**Exercise**
Only the lines below from the one containing "RIXON GROOVE (LIMITED" through the one containing "17 Meal Prep" belong in the answer, repeated exactly and without pictures.

**Records to process**
= Beginning of Section =

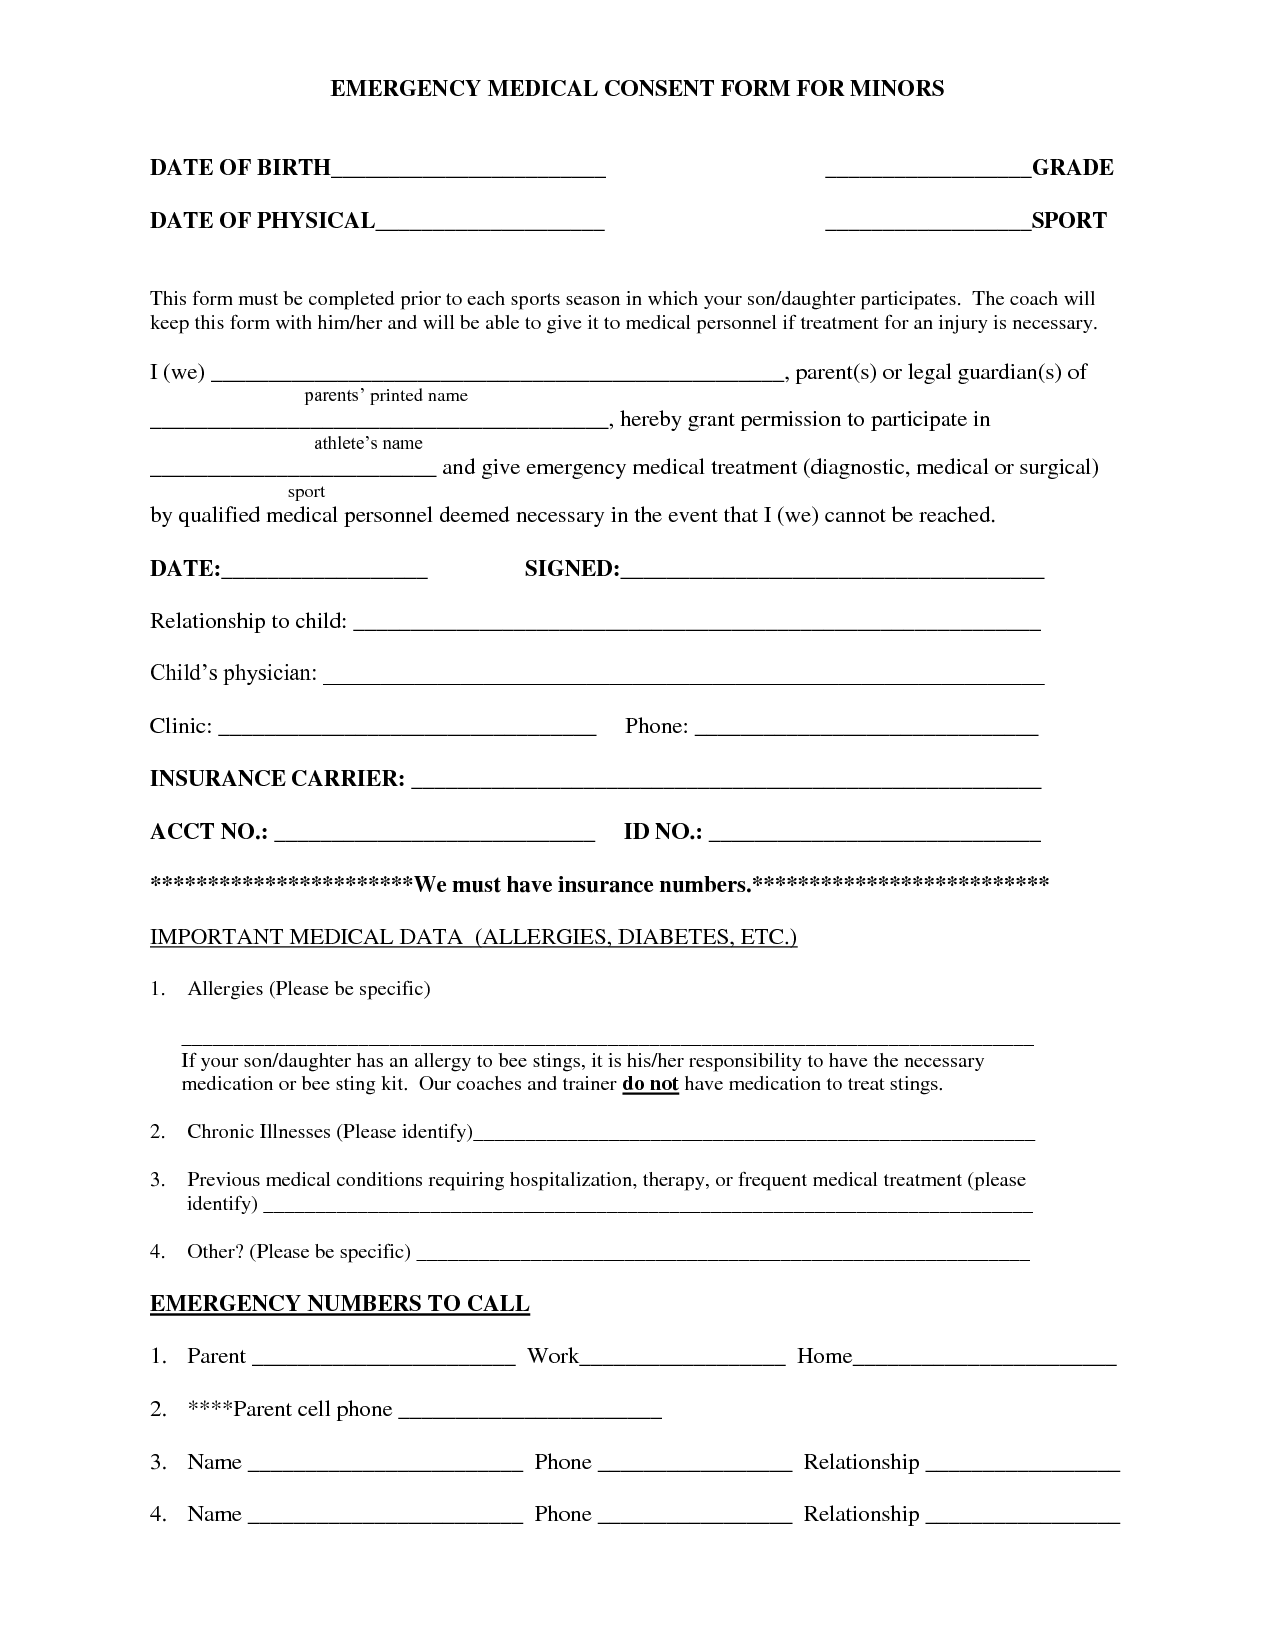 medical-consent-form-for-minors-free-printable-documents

= End of Section =
= Beginning of Section =

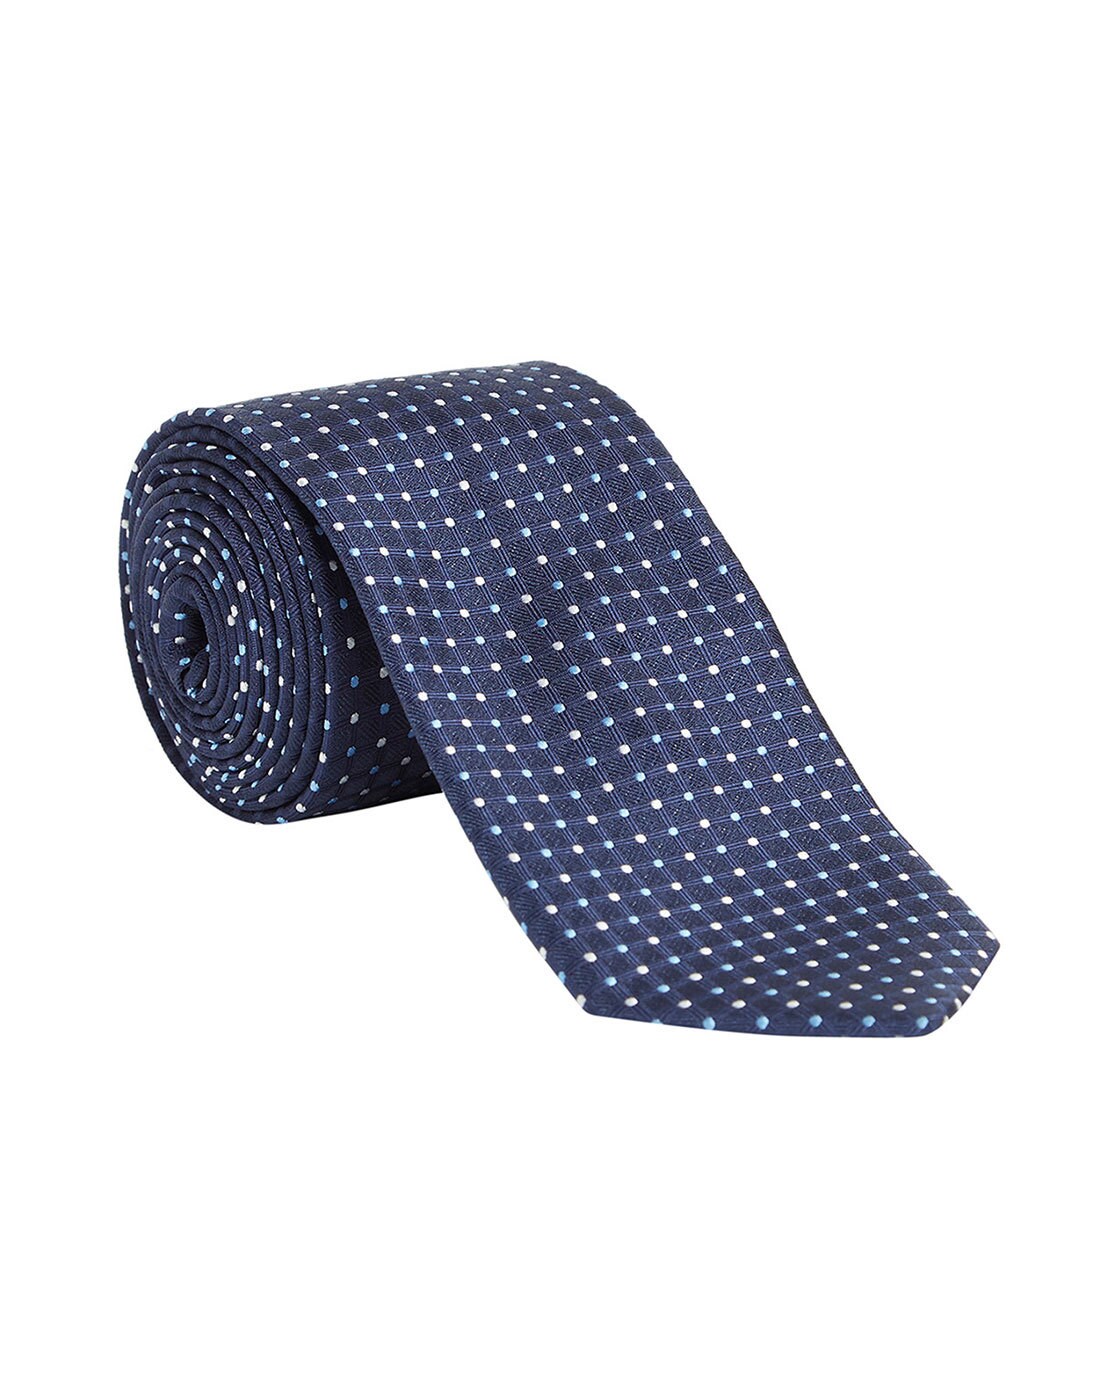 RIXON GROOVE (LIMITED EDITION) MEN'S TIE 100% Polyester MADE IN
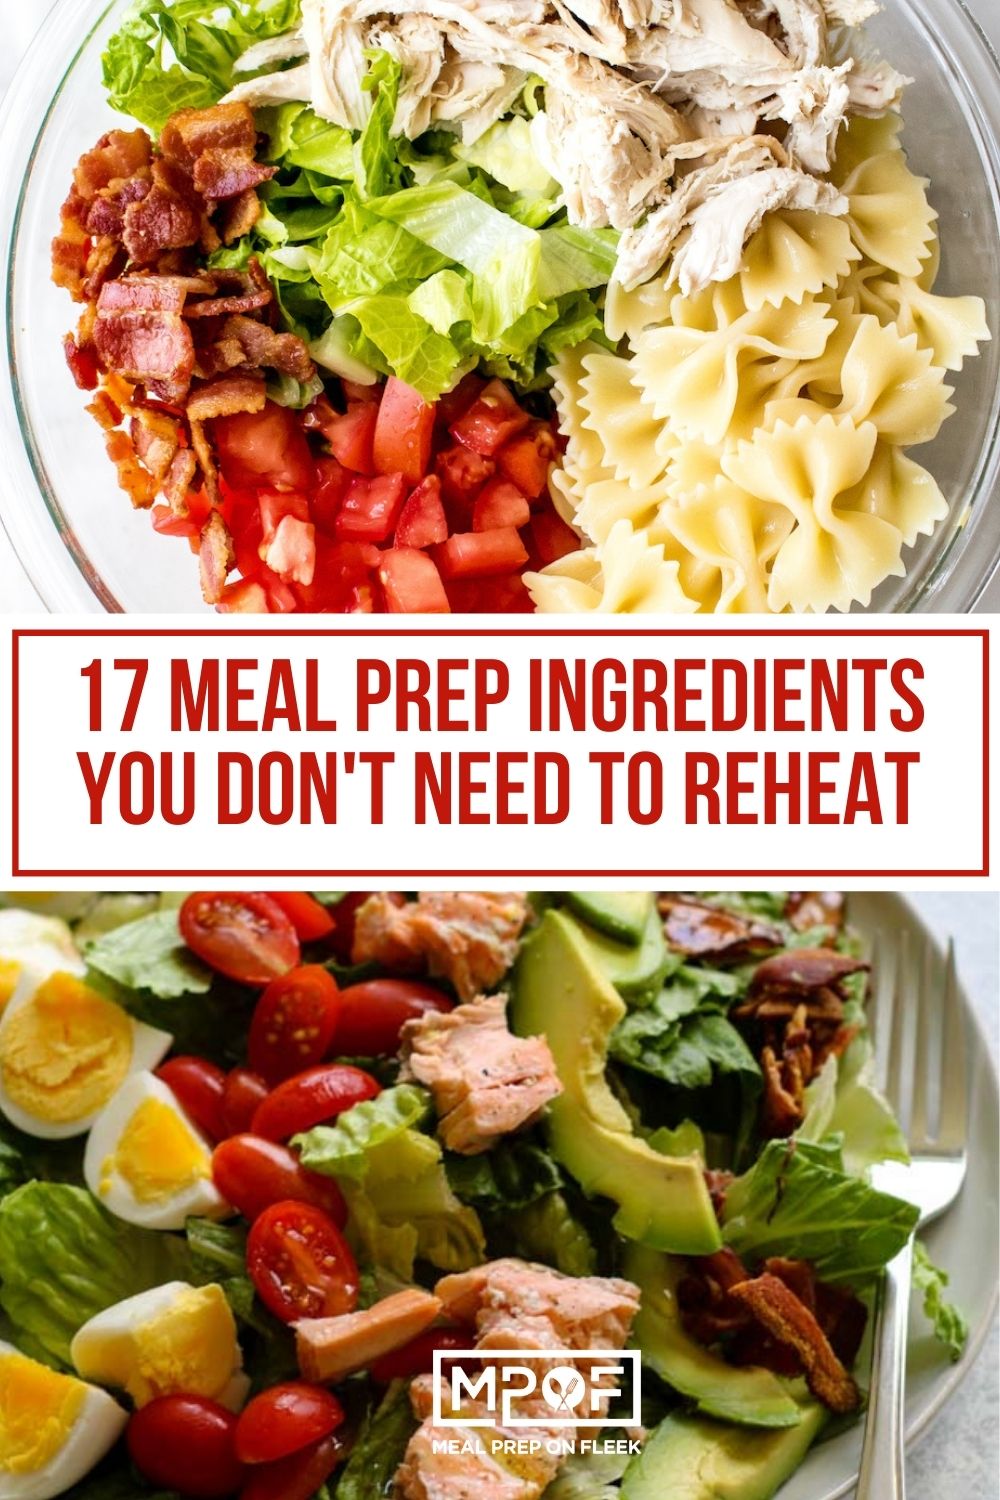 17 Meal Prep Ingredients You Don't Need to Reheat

= End of Section =

**Output**
 RIXON GROOVE (LIMITED EDITION) MEN'S TIE 100% Polyester MADE IN
 17 Meal Prep Ingredients You Don't Need to Reheat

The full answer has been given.